Solution. (a) Larger \( \lambda \) improves numerical conditioning by shrinking the effect of small singular values, reducing joint velocity magnitudes near singularities. (b) However, the solution is no longer an exact solution of \( \mathbf{J}\dot{\mathbf{q}} = \dot{\mathbf{x}}^\ast \), so task tracking becomes approximate. (c) Null-space projectors built from \( \mathbf{J}_\lambda^{\#} \) no longer annihilate \( \mathbf{J} \) exactly; lower-priority motions will slightly perturb higher-priority tasks, leading to priority leakage. Moderate damping trades off robustness and strict priority.

12. Summary

In this lesson we developed a rigorous framework for hierarchical task control of redundant robots. Starting from the pseudoinverse solution of a single task, we defined null-space projectors and used them to construct stacks of tasks that preserve higher-priority objectives. We then extended the concept to the torque level via dynamically consistent pseudoinverses in operational space, ensuring that lower-priority torques do not disturb higher-priority task accelerations. Finally, we discussed damped pseudoinverses, their impact on numerical robustness and priority leakage, and provided multi-language implementations that can be integrated with earlier joint-space and task-space control architectures.

13. References

  1. Khatib, O. (1987). A unified approach for motion and force control of robot manipulators: The operational space formulation. IEEE Journal of Robotics and Automation, 3(1), 43–53.
  2. Chiaverini, S. (1997). Singularity-robust task-priority redundancy resolution for real-time kinematic control of robot manipulators. IEEE Transactions on Robotics and Automation, 13(3), 398–410.

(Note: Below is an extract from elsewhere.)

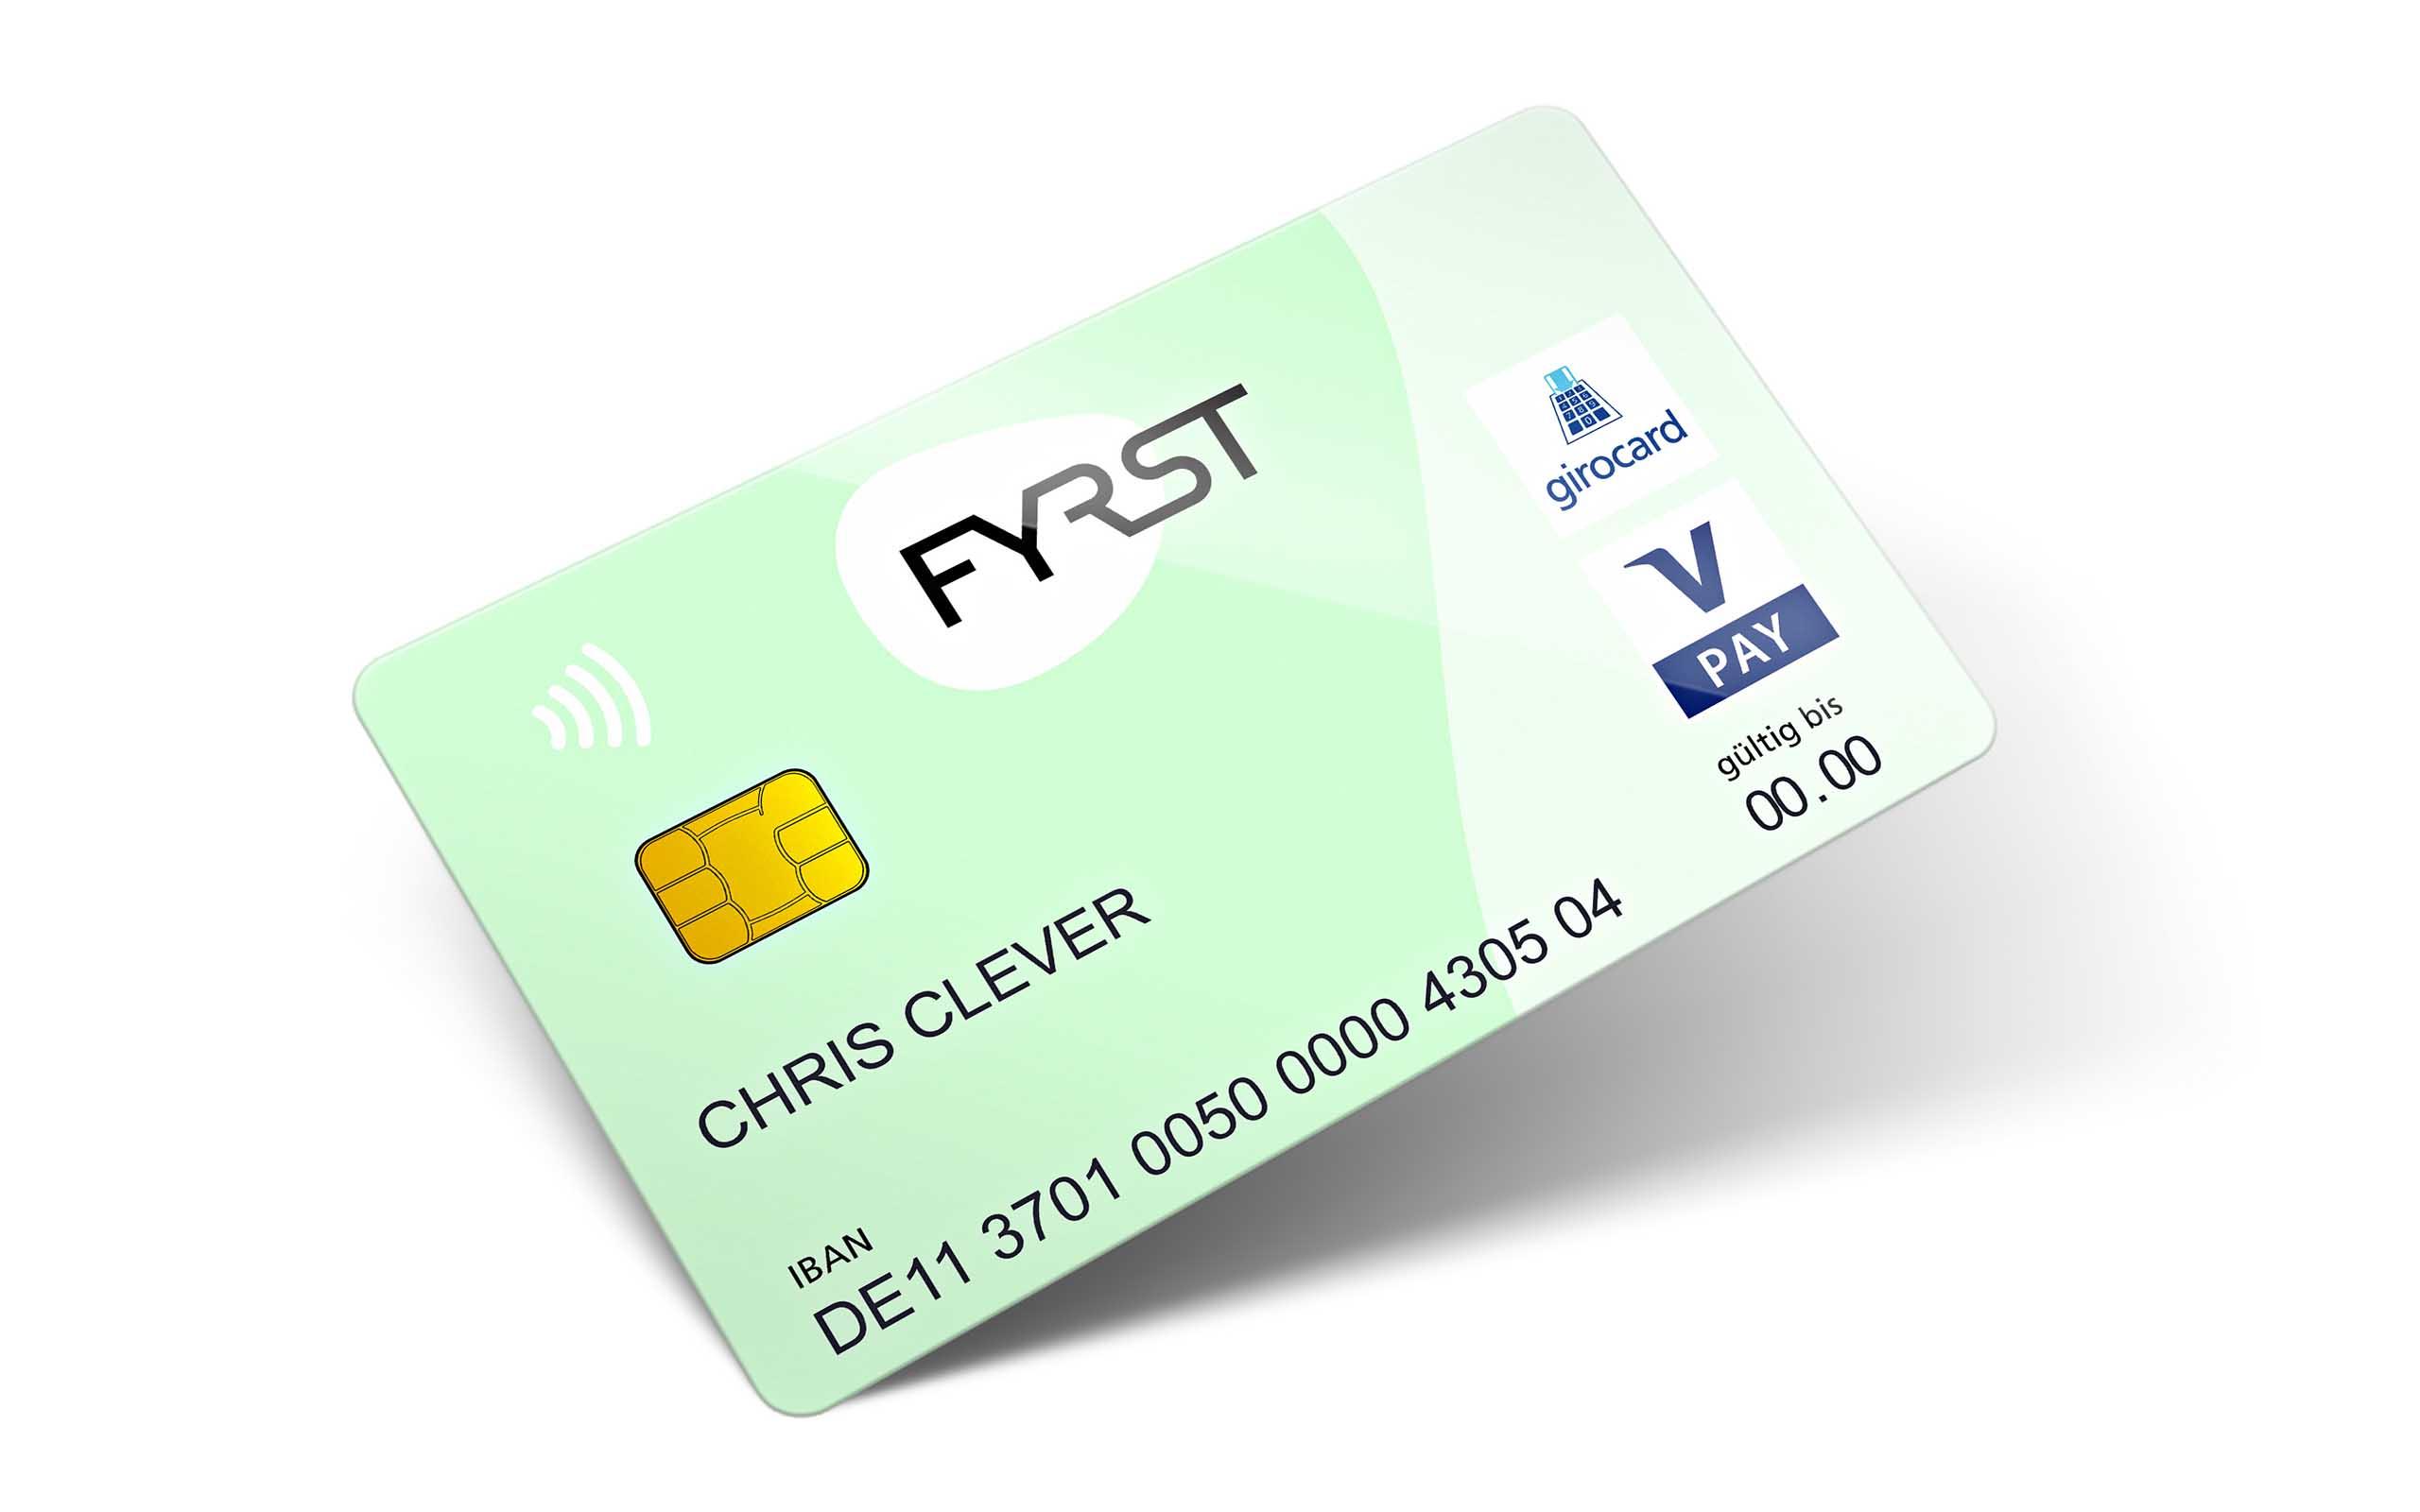 fyrst-bank-test

  3. Nakamura, Y. (1991). Advanced Robotics: Redundancy and Optimization. Addison-Wesley (key chapters on redundancy resolution and task priority).
  4. Siciliano, B., & Slotine, J. J. E. (1991). A general framework for managing multiple tasks in highly redundant robotic systems. Proceedings of the 5th International Conference on Advanced Robotics, 1211–1216.

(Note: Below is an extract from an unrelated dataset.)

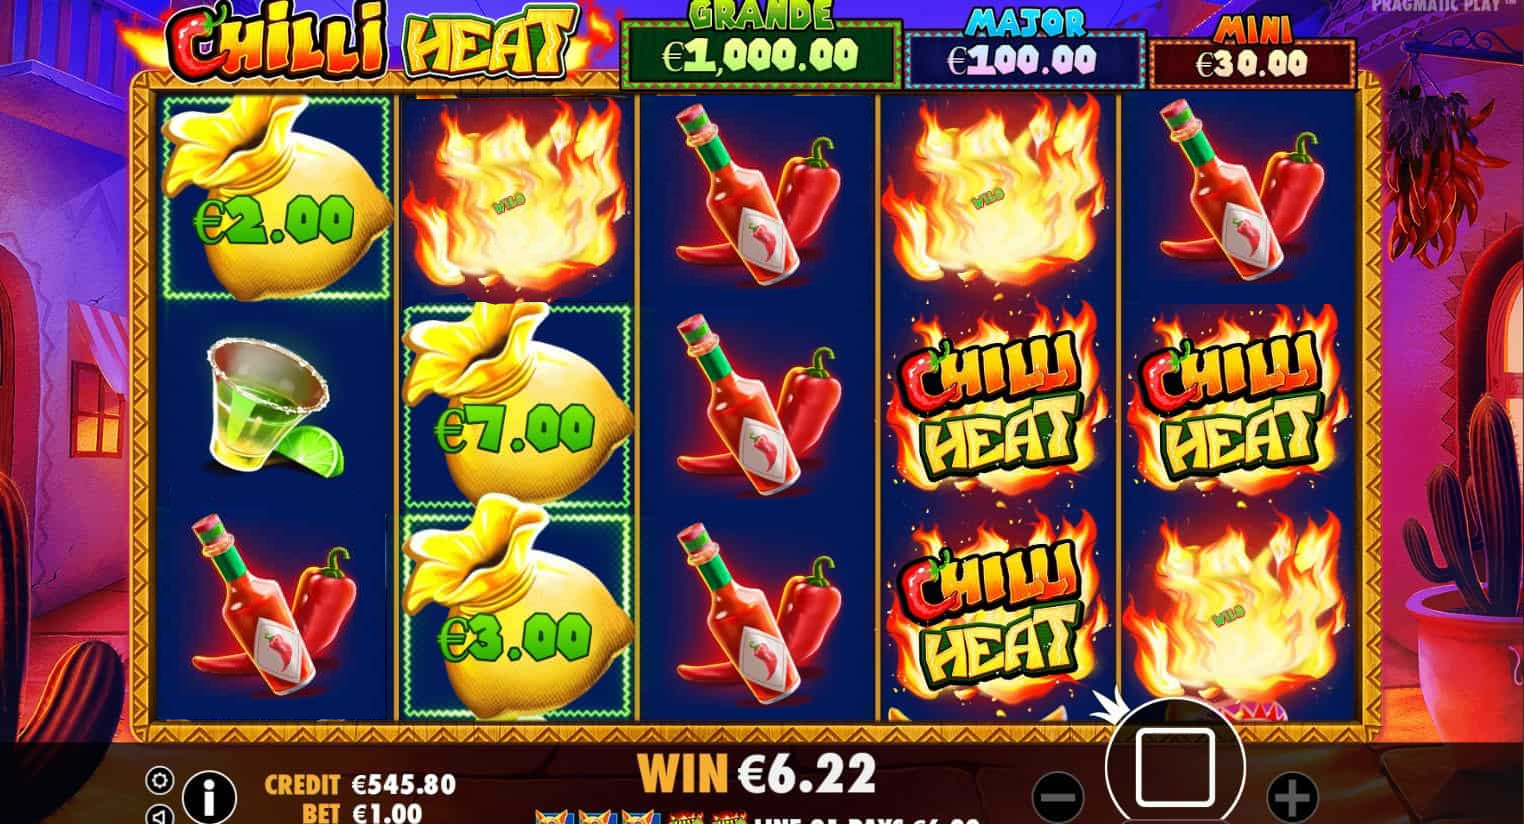 Chilli Heat Online Slots Gameplay

  5. Sentis, L., & Khatib, O. (2005). Synthesis of whole-body behaviors through hierarchical control of behavioral primitives. International Journal of Humanoid Robotics, 2(4), 505–518.
  6. Mansard, N., & Chaumette, F. (2007). Task sequencing for high-level sensor-based control. IEEE Transactions on Robotics, 23(1), 60–72.

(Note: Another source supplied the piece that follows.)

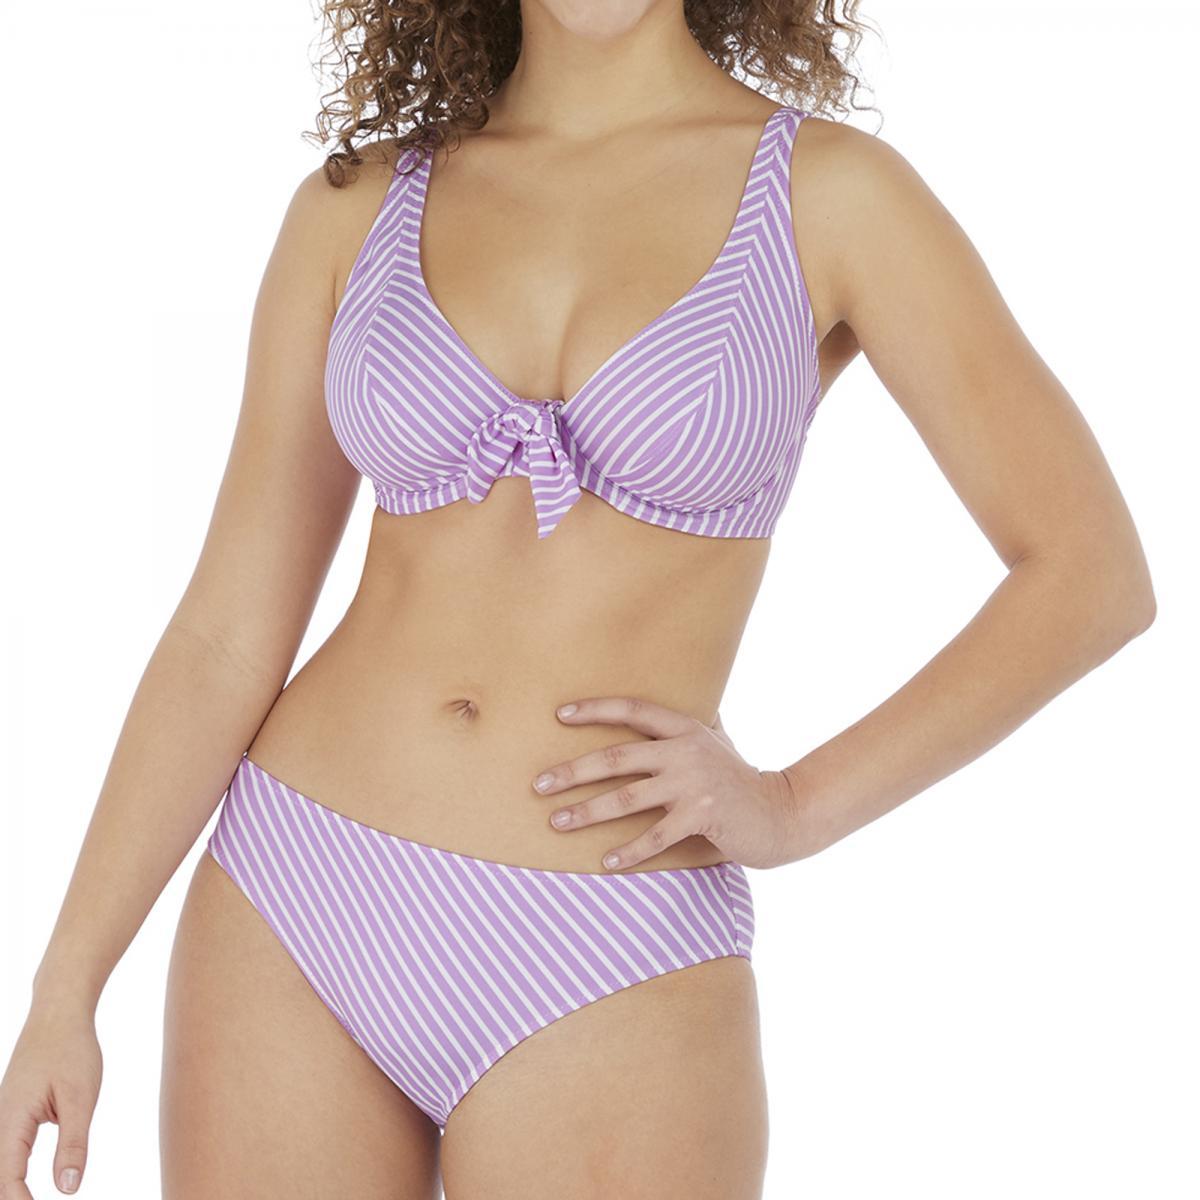 Haut de maillot de bain apex foulard armatures Violet - Freya

  7. de Lasa, M., Mordatch, I., & Hertzmann, A. (2010). Feature-based locomotion controllers. ACM Transactions on Graphics, 29(4), 1–10 (task-priority concepts in a theoretical control setting).
  8. Ott, C., Albu-Schäffer, A., & Hirzinger, G. (2008). Cartesian impedance control of redundant robots: Recent results with the DLR-Light-Weight Robots. IEEE International Conference on Robotics and Automation, 3704–3709.
  9. Mistry, M., Nakanishi, J., Peters, J., & Schaal, S. (2008). Task-space control of operational space dynamics for controlling humanoid robots. IEEE International Conference on Robotics and Automation, 2913–2918.
  10. Escande, A., Mansard, N., & Wieber, P.-B. (2014). Hierarchical quadratic programming: Fast online humanoid-robot motion generation. International Journal of Robotics Research, 33(7), 1006–1028.